Moszkowski was quite prolific, composing over two hundred small-scale piano pieces, which brought him much popularity – notably his set of Spanish Dances Op. 12, for piano duet (later arranged for solo piano, and for orchestra by Philipp Scharwenka).

His early Serenade, Op. 15, was world-famous and appeared in many guises, including the song Liebe, kleine Nachtigall. Today he is probably best known for his fifteen Études de Virtuosité, Op. 72, which have been performed by virtuoso pianists such as Vladimir Horowitz and Marc-André Hamelin. Ilana Vered made the first complete recording in 1970. Many of his small but brilliant piano pieces, such as Étincelles (Sparks), are used as encore performances at the end of classical concerts.

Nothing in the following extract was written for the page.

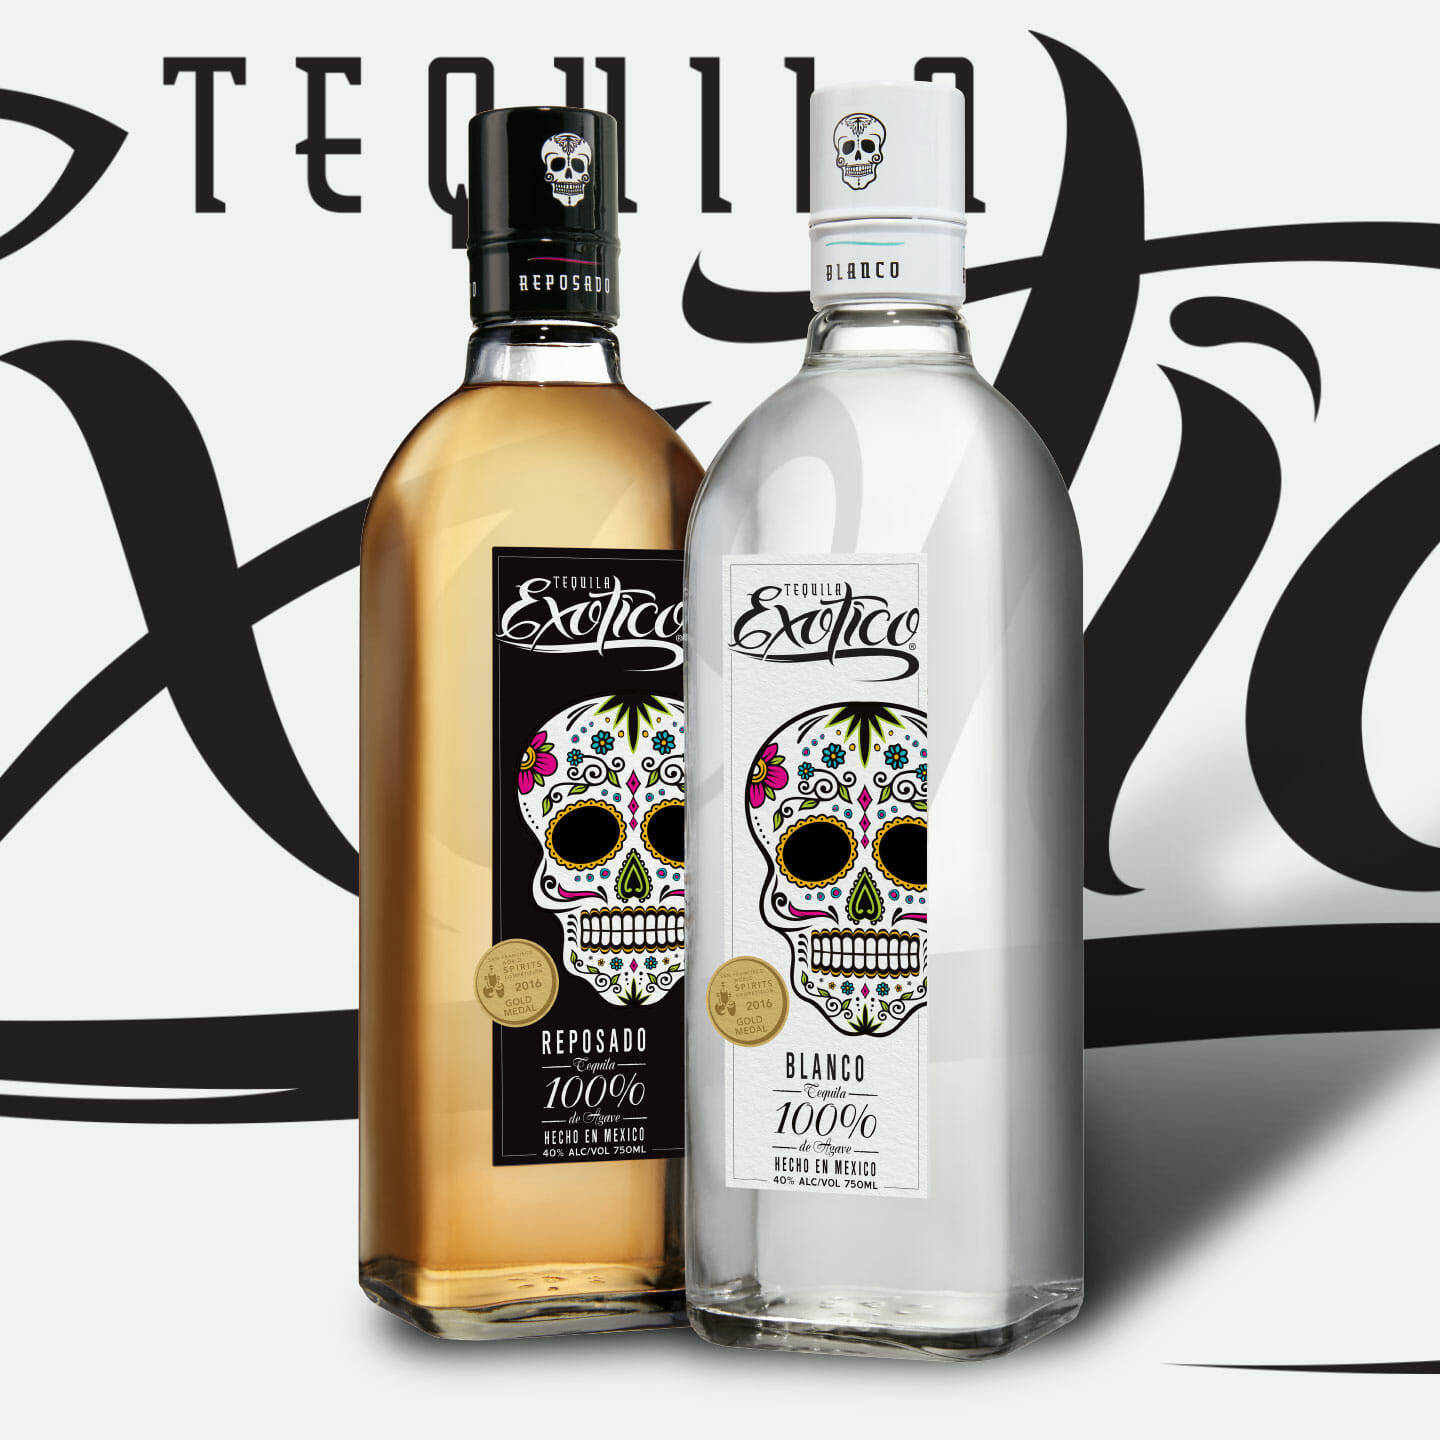 Exotico Tequila Graphic Art Poster Background

He also wrote larger scale works including two piano concertos (one in B minor, Op. 3, in 1874, only rediscovered in 2011 and published in 2013, and the much better known Concerto in E major, Op. 59, from 1898), a Violin Concerto in C major, Op. 30, three orchestral suites (Opp. 39, 47, 79), and a symphonic poem Jeanne d'Arc, Op. 19. His opera Boabdil der letzte Maurenkönig, Op. 49, on the historical theme of the capture of Granada, premiered at the Berlin Court Opera on 21 April 1892, and appeared in Prague and New York City the following year. It did not stay in the repertoire, but its ballet music was very popular for a number of years. He wrote the three-act ballet Laurin, which premiered in Berlin in 1896.

==Recordings==

Ilana Vered made the first complete recording of Moszkowski's Études de Virtuosité, Op. 72, in 1970.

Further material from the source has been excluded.